Catalysis Sciences & Engineering, Invited lecture
CE-011

Selectivity and stability of zeolite catalysts in methanol-to-hydrocarbons reaction

N. Kosinov1
1TU Eindhoven, Inorganic Materials & Catalysis, Het Kranenveld 14, Helix, 5612 AZ Eindhoven, Netherlands

Zeolites (microporous crystalline aluminosilicates) represent one of the most prominent types of heterogeneous catalysts. Zeolites are characterized by regular pores, channels, and cages of molecular dimensions (0.3 – 1 nm). The microporous structure of zeolites allows for the stabilization of various active sites, intermediates, and products that would otherwise be unstable. A unique feature of zeolites is fascinating hydrocarbon pool chemistry, in which confined co-catalytic intermediates actively participate in the catalytic cycle. Methanol-to-hydrocarbons (MTH) is the prime example of a reaction following the hydrocarbon pool mechanism.[1] In addition to being a chemically intriguing reaction, MTH is an industrially relevant method to produce valuable light olefin and aromatic building blocks from virtually any carbon source (gas, coal, CO2, biomass) via the methanol intermediate.

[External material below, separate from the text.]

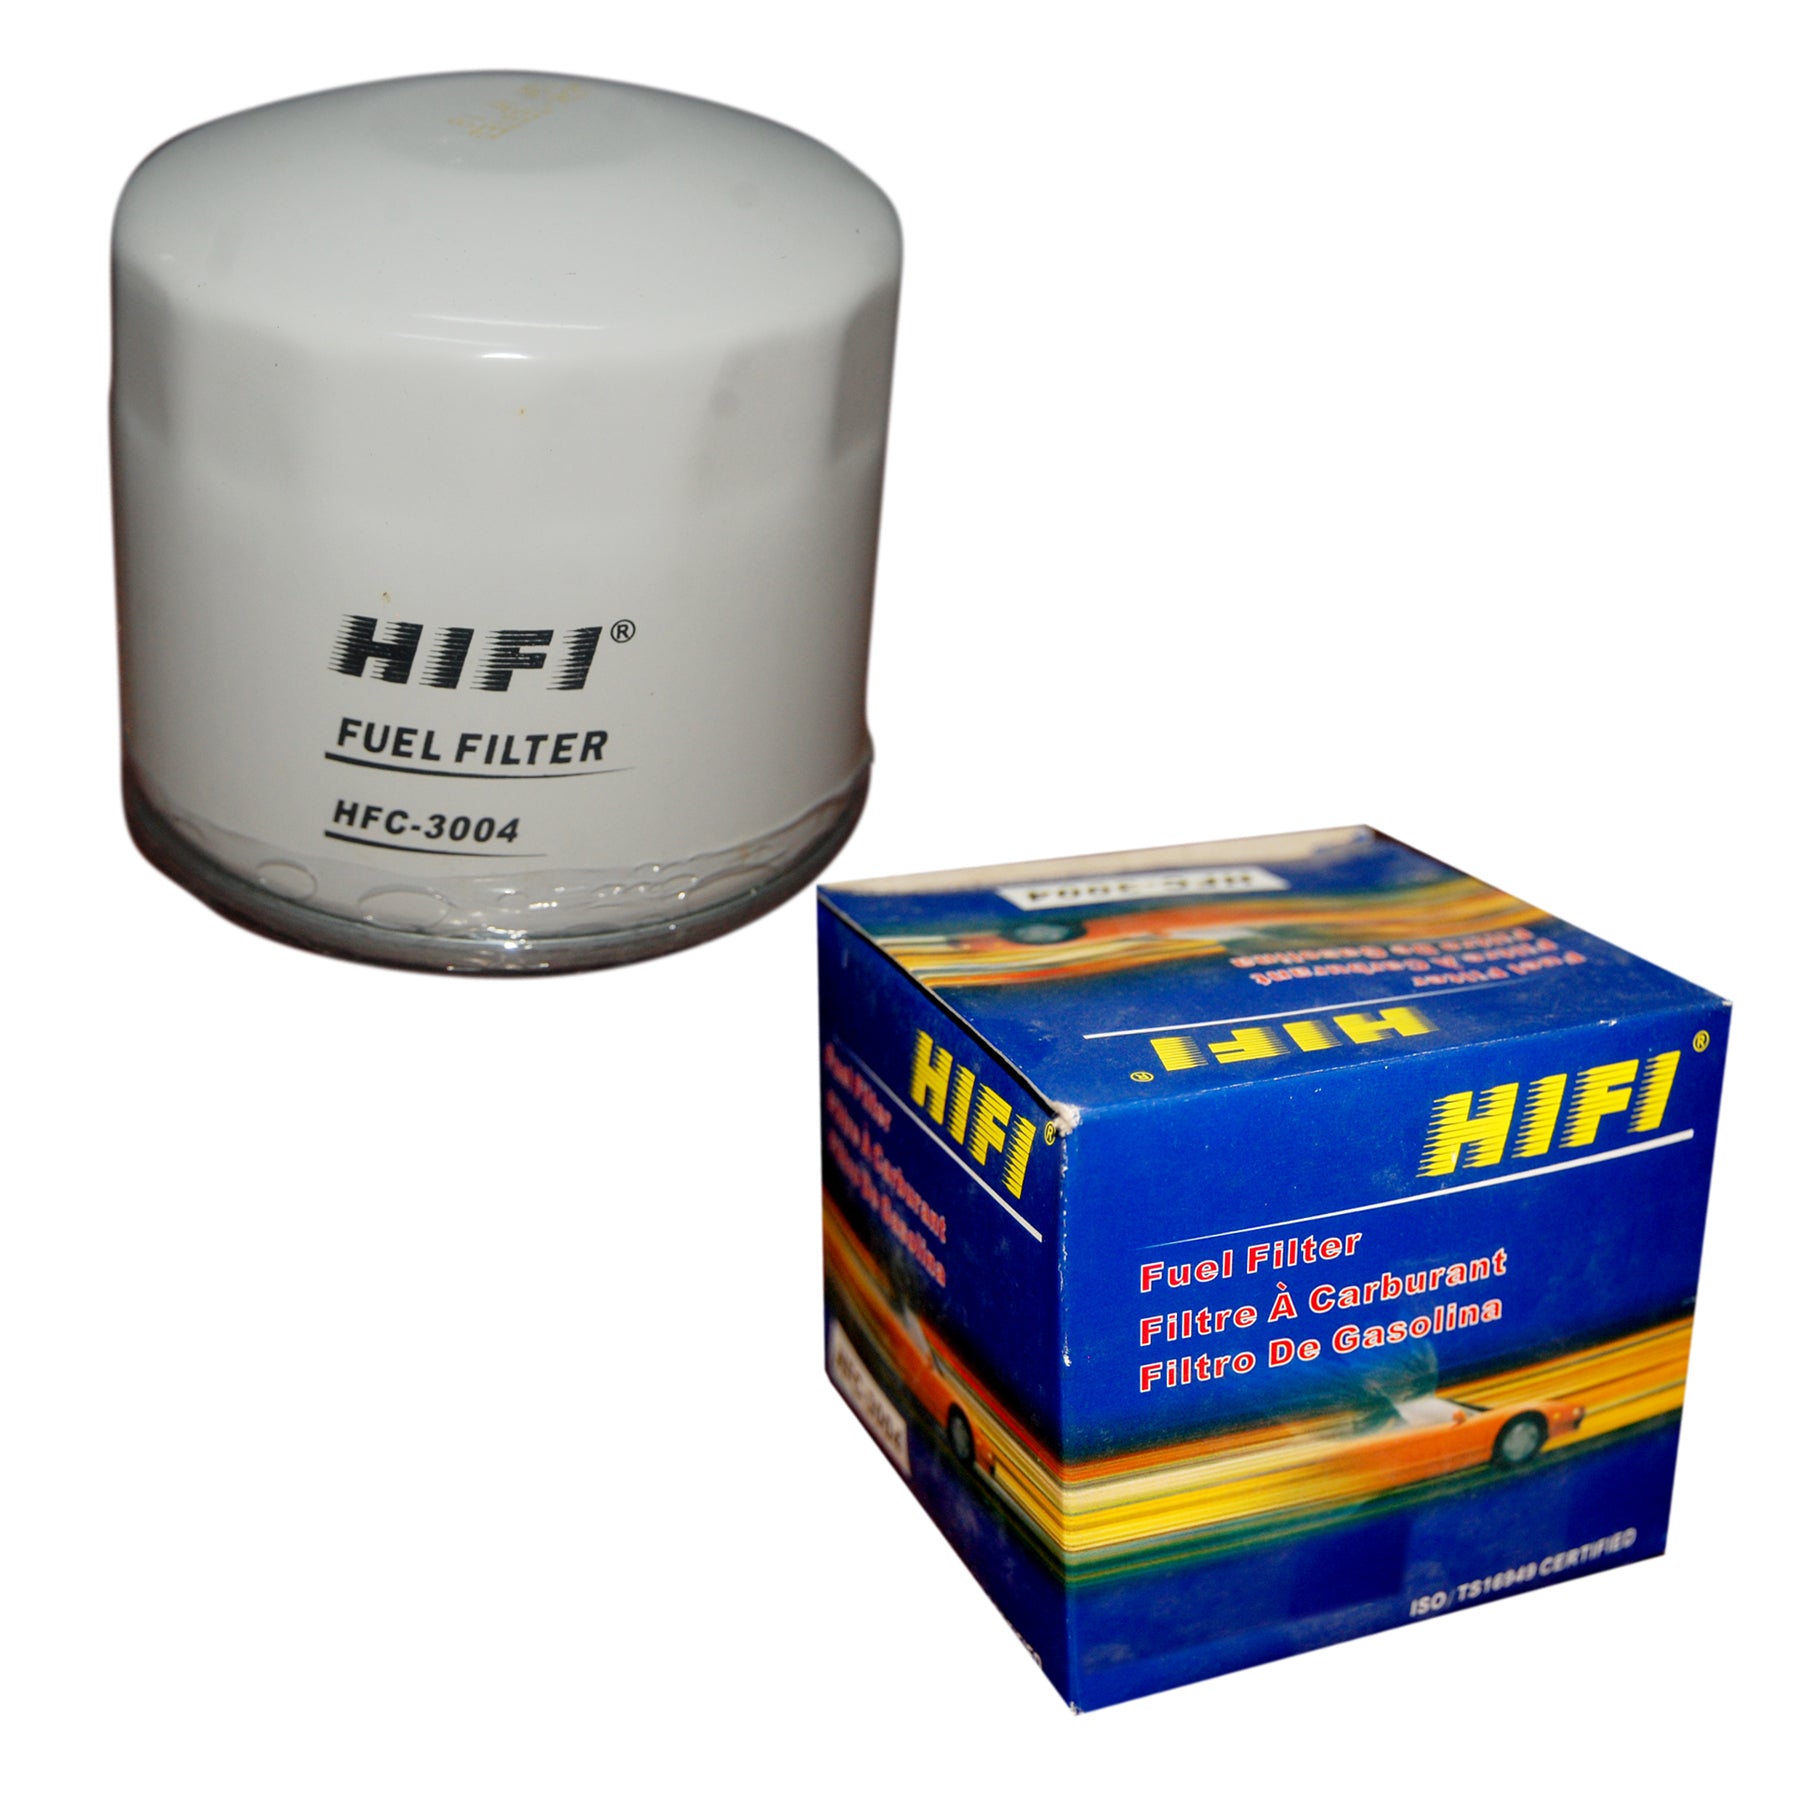 Fuel Filter, HIFI, ME006066, HFC-3004 (001186) - Win Store

With all these opportunities also come challenges, because the chemistry in confinement differs from the conventional chemistry. The processes, taking place inside the zeolite pores during conversion of a relatively simple methanol molecule to olefins and aromatics, are extremely complex. Entangled dynamic effects of co-catalytic intermediates, active sites, spectating and deactivating species, and diffusion limitations, define the MTH reactivity. Our understanding of these processes is deficient and the control that we can exert over them to tune the selectivity and stability of MTH catalysts is limited.

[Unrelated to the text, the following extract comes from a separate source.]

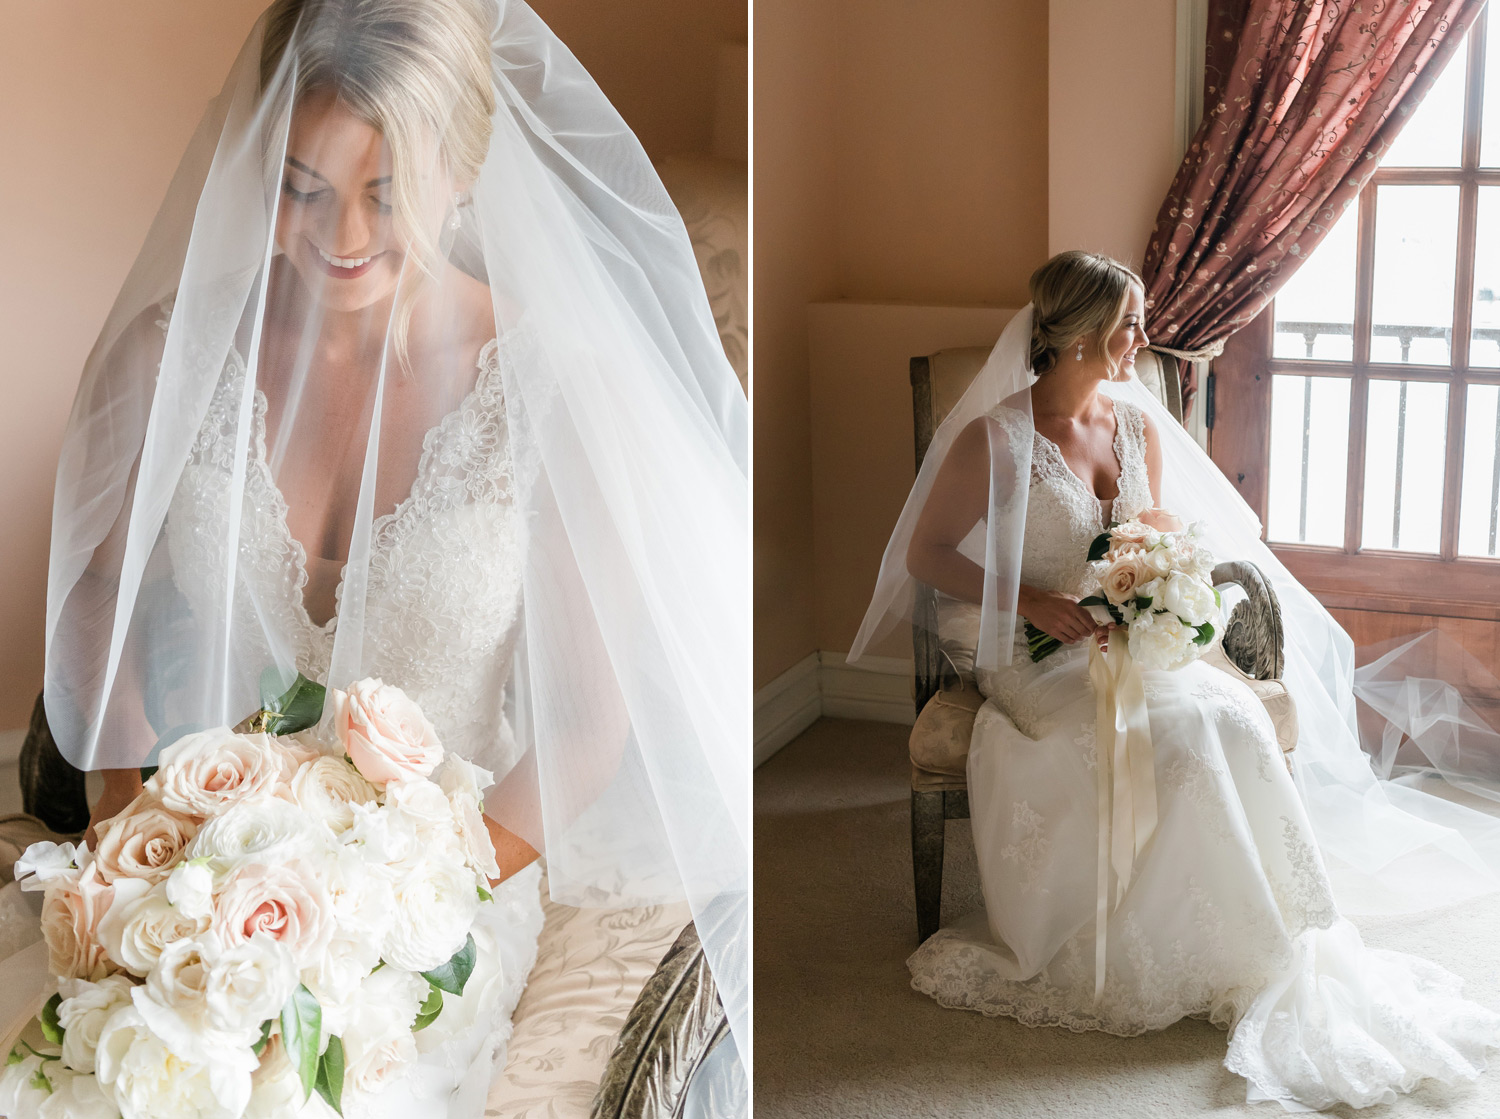 Hilton Lake Las Vegas Wedding Photography | Kristen Marie Weddings + Portraits

In this lecture, selected aspects of the reactivity of zeolite catalysts in the MTH reaction will be discussed. More specifically, I will focus on two strategies to control the reaction selectivity and catalyst stability: co-feeding of furanics to produce more aromatics [2] and modification of zeolites with alkaline earth cations to produce more propylene and decrease the deactivation rate [3]. These cases will also illustrate an effective toolbox of characterization techniques (operando FTIR, operando XRD, operando TG-MS, 13C/1H NMR, pulse reaction technique, and isotopic labelling) for investigating the chemistry of MTH catalysts.

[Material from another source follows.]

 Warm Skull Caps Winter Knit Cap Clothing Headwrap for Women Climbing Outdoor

[1]  U. Olsbye, S. Svelle, M. Bjrgen, P. Beato, T. V. W. Janssens, F. Joensen, S. Bordiga, K. P. Lillerud, Angew. Chemie Int. Ed.2012, 51, 5810.
[2]  E. A. Uslamin, N. Kosinov, G. A. Filonenko, B. Mezari, E. Pidko, E. J. M. Hensen, ACS Catal. 2019, 9, 8547.
[3]  A. Liutkova, H. Zhang, J. F. M. Simons, B. Mezari, M. Mirolo, G. A. Garcia, E. J. M. Hensen, N. Kosinov, ACS Catal.2023, 3471.